Date | May 2016 | Marks available | 5 | Reference code | 16M.2.HL.TZ0.11 |
Level | Higher level | Paper | Paper 2 | Time zone | Time zone 0 |
Command term | Estimate and Show that | Question number | 11 | Adapted from | N/A |
Question
An alpha particle with initial kinetic energy 32 MeV is directed head-on at a nucleus of gold-197 \(\left( {{}_{79}^{197}{\rm{Au}}} \right)\).
(i) Show that the distance of closest approach of the alpha particle from the centre of the nucleus is about 7×10−15m.
(ii) Estimate the density of a nucleus of \({}_{79}^{197}{\rm{Au}}\) using the answer to (a)(i) as an estimate of the nuclear radius.
The nucleus of \({}_{79}^{197}{\rm{Au}}\) is replaced by a nucleus of the isotope \({}_{79}^{195}{\rm{Au}}\).

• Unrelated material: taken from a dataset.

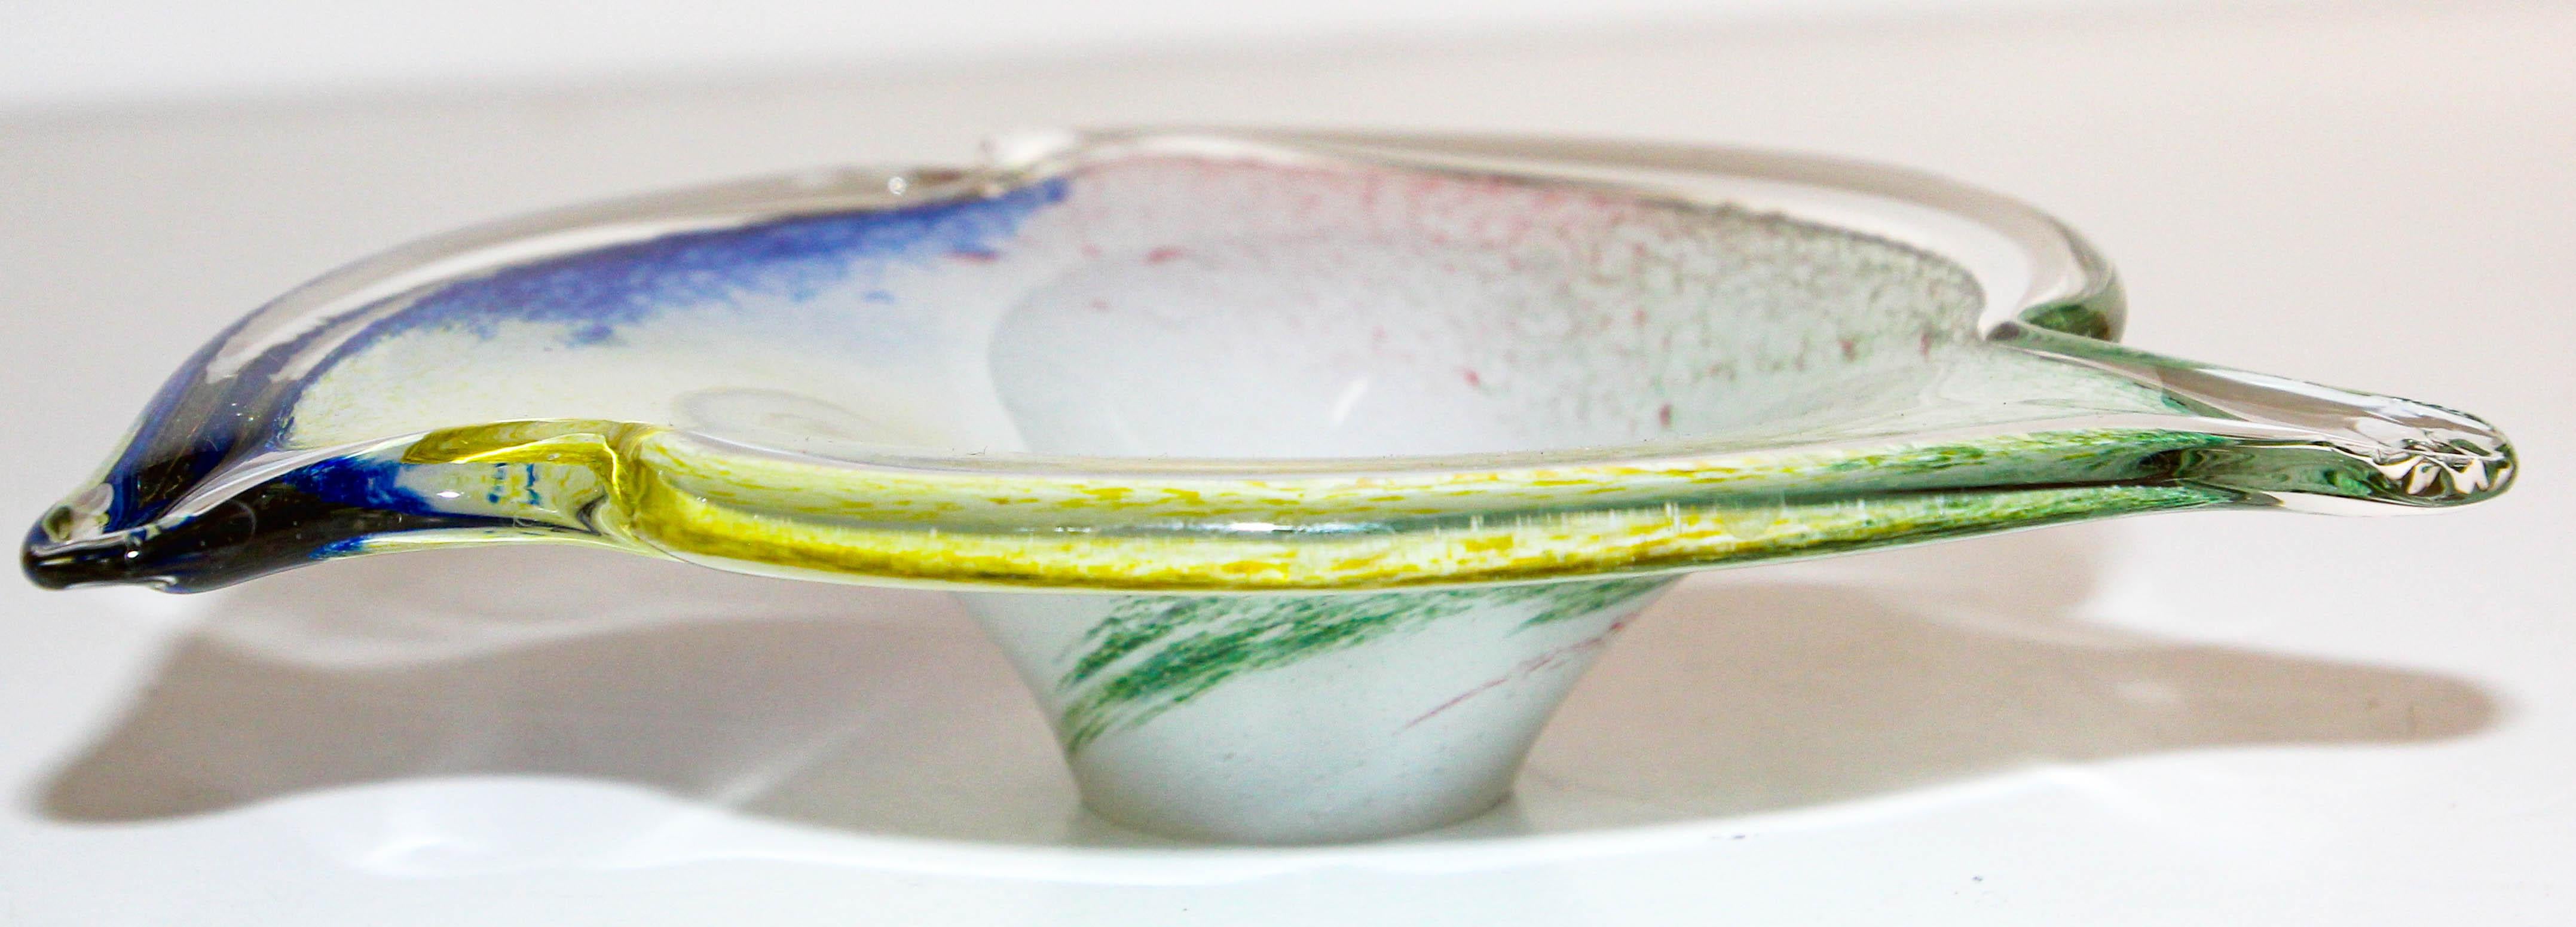 Seguso Sommerso Murano Art Glass Triangular Bowl or Ashtray, Italy 1960s For Sale 7

Suggest the change, if any, to your answers to (a)(i) and (a)(ii).
Distance of closest approach:
Estimate of nuclear density:
An alpha particle is confined within a nucleus of gold. Using the uncertainty principle, estimate the kinetic energy, in MeV, of the alpha particle.
Markscheme
(i)
32 MeV converted using 32×106×1.6×10–19«=5.12×10–12J»
\(d = \ll \frac{{kQq}}{E} = \frac{{8.99 \times {{10}^9} \times 2 \times 79 \times {{\left( {1.6 \times {{10}^{ - 19}}} \right)}^2}}}{{32 \times {{10}^6} \times 1.6 \times {{10}^{ - 19}}}} = \gg \frac{{8.99 \times {{10}^9} \times 2 \times 79 \times 1.6 \times {{10}^{ - 19}}}}{{32 \times {{10}^6}}}\)
OR 7.102×10-15m
«d≈7×10-15m»
Must see final answer to 2+ SF unless substitution is completely correct with value for k explicit.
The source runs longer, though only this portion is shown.